Our next candidate question for the Hayward Unified School District trustee hopefuls had to do with a perceived lack of communication between the district, teachers and parents.

Parents, teachers and residents have criticized the district for failing to communicate effectively with the community. Some work has been done to help alleviate that problem with a revamped Web site and a public relations officer. What other ways as a school board member would you help the district improve its overall communication with the community?

 

Four-year candidates

 

Rick Bartholomew:

I would like to build a better cultural partnership with our diverse community.  From speaking with some parents, I found that one of the major communication problems is the issue of language barrier.  I would like to implement an outreach program that can bridge the gap between the schools and the English-language learner community.  One way to achieve this is by recruiting help from the different cultural organizations to be available to interpret critical situations that require immediate attention.  This solution would be in addition to the existing service provided by the district.

 

As a member of the school board I would also ask the parents, teachers, and residents how the board could be more effective in communicating with the community. I think it is important to ask for help in solving problems or making improvements. From those suggestions we should be capable of finding the ideal solution.

 

Jeff Cook:

(This question was left blank).

 

Sarah Gonzales:

I would continue to hold the superintendent and his administrators accountable for improving communications with the public.  I would also suggest to my fellow board members that we have 3-4 of our public meetings in one of our high schools each year so that people could attend meetings closer to their homes.  The downside of this is that the meetings could not be televised and would be recorded on audio tape and on written minutes.

 

Maribel Heredia:

The “revamped Web site” is great if you have a computer and Internet access. The “public relations officer” is also great if s/he can communicate and connect with ALL of our diverse community. I would ensure policy is written and implemented involving parental involvement accordingly to NCLB standards. We live in a diverse community and it is the leadership’s responsibilities to ensure parents and community at large are involved with their schools regardless if they have children or not in the district. It is in everyone’s best interest that our schools are doing well and our students are receiving the quality of education they need and deserve. This is going to take a community effort, but most importantly support from the district leadership/board:

 

Since all public schools are part of a larger school district, family and community involvement at individual schools depends, in part, on district expectations and support. The job of creating and coordinating a serious, consistent, systemic program of family and community engagement for any district requires senior leadership — preferably at the superintendent level — to establish beyond a doubt that the district is fully committed to family and community engagement.

 

• Conducting and analyzing parent surveys about school satisfaction.
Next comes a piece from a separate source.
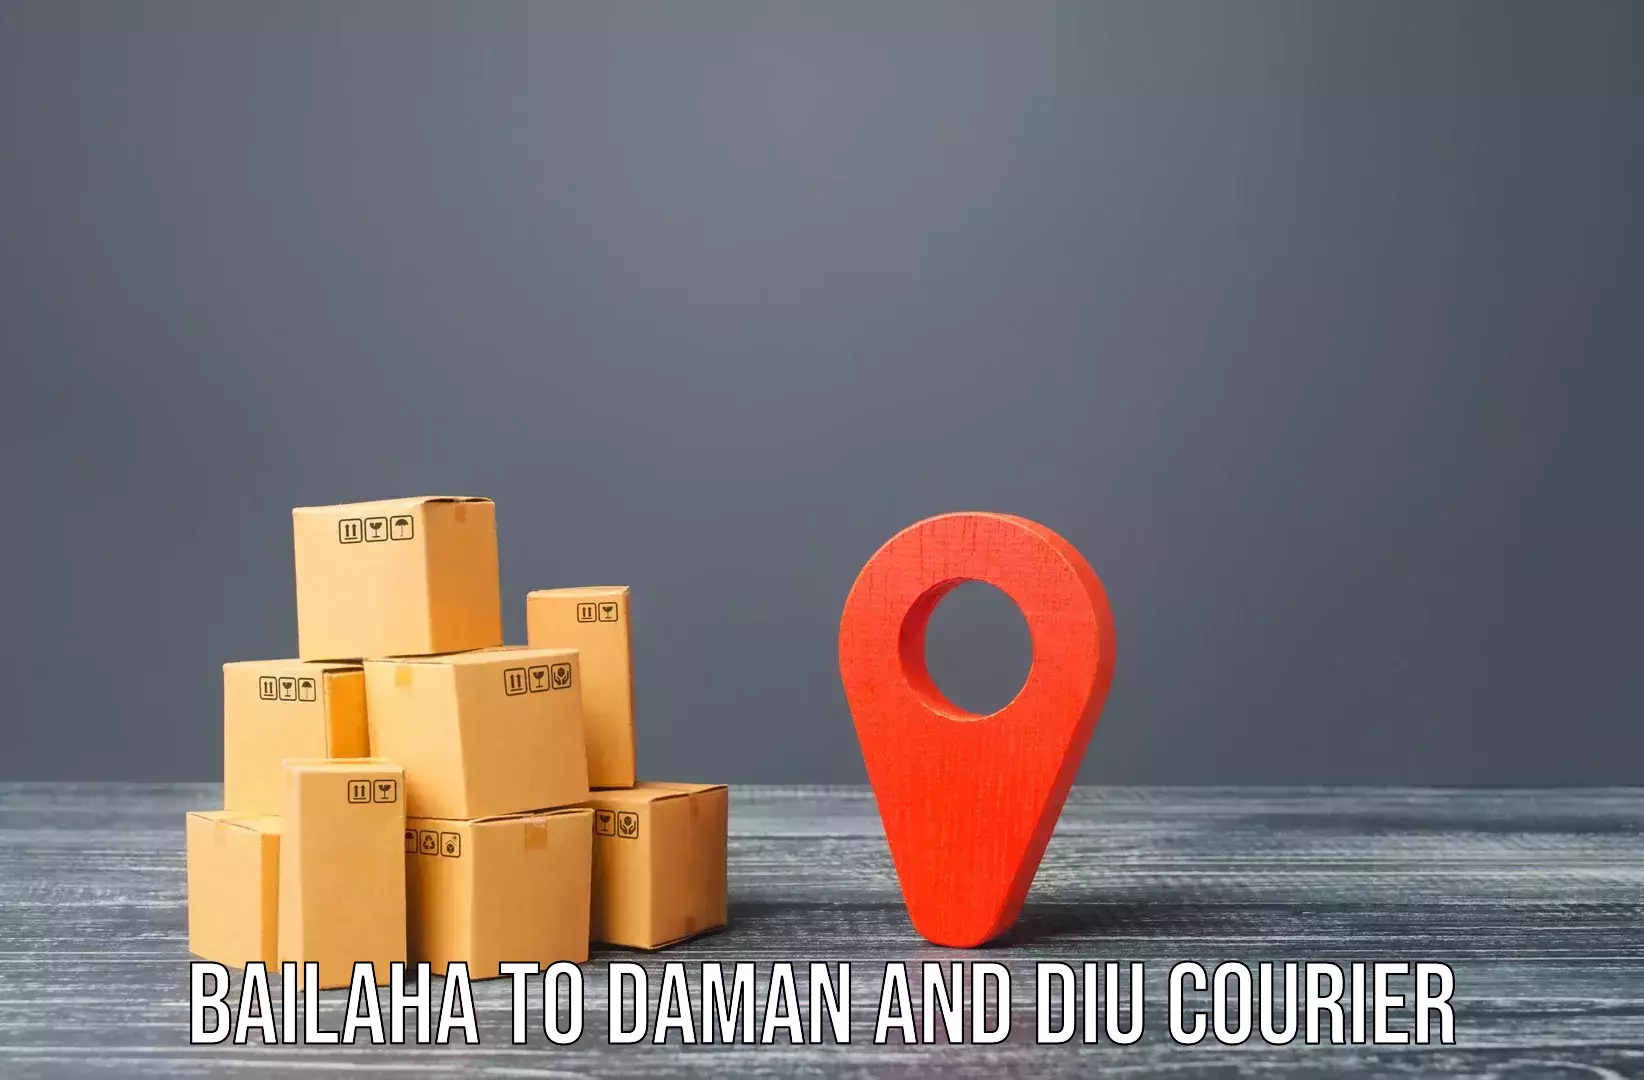 Furniture transport professionals Bailaha to Daman and Diu

• Setting a clear standard for what’s expected at schools and offering help to meet the standard.

• Staffing the effort by creating a high-level family involvement position and committing real resources to it.

• Districts hiring teachers or well-trained paraprofessionals to fill parent coordinator positions

• Superintendents and deputies holding principals accountable for strong and measurable outreach to families and community members

• Administration leaders sharing examples of effective family involvement practices with school staff

 

Dianne McDermott:

Communication is an age-old problem prevalent both in the private and public sector. Improving communication within the district does not take a budget, nor will it cost the district money to implement.

 

Communication takes a commitment from all parties and a methodology to document the issues and concerns of parents, teachers and students. Knowing what the issues and concerns are would allow the district the opportunity to resolve concerns and also hold them accountable to respond in a timely manner. A lot can be learned by documenting this process; people need to know that they are being heard, and if applicable, action to seek resolution is occurring.

 

Luis Reynoso:

The improvement of communication has to be an ongoing process as time goes by. The Web site and public relations officer is of no exception. Apparently the communications are dismal and continue as such. I will, once in office, appoint a communications commission to determine the faults from many perceptions and how to make improvements. Further, I will also participate in training the community to use the Brown Act and Sunshine rules to deliver items to the board agendas for voting. My perception alone to improve communications is not enough. The only way to improve communications is if and only if the community is given the respect and a voice with the authority for action at the district level. 

 

Two-year candidates

 

James Farley:

We would need to create a telephone log saying when the parent phoned in and noting the callback time from the district. Currently the district only has an e-mail log –- but not all people are computer literate. Doing this would expand our communication skills. I would also want oversight to make sure this is being done.

 

Lawrence Fitzpatrick:

The board has done nothing to improve the problems as they do not listen or care about Hayward students or parents. With all the parents who have protested and begged the school district to ask that kind of question is totally absurd. Until the parents are taught how and allowed to put items on the board’s agenda there is no true communication.

 

Conrad Hake:

I would actually add to the Web site by including a HUSD Excellence! Blog.  This would be contributed to by all the schools showcasing accomplishments and broadcasting project and program needs for those who would like to contribute time or give financial support.  An added bonus would be writing and input by budding journalists as part of their curriculum.  Blogs can be set up for more rapid information addition.

 

A second thing I would pledge would be to regularly circulate to community events, listening where possible, speaking where appropriate, always encouraging dialogue.

 

Kelly Rocchio:

HUSD must provide timely and accurate information to the community.  When they fail to do so, that void is filled with rumors and gossip.  Perception can quickly override reality when there is a lack of communication.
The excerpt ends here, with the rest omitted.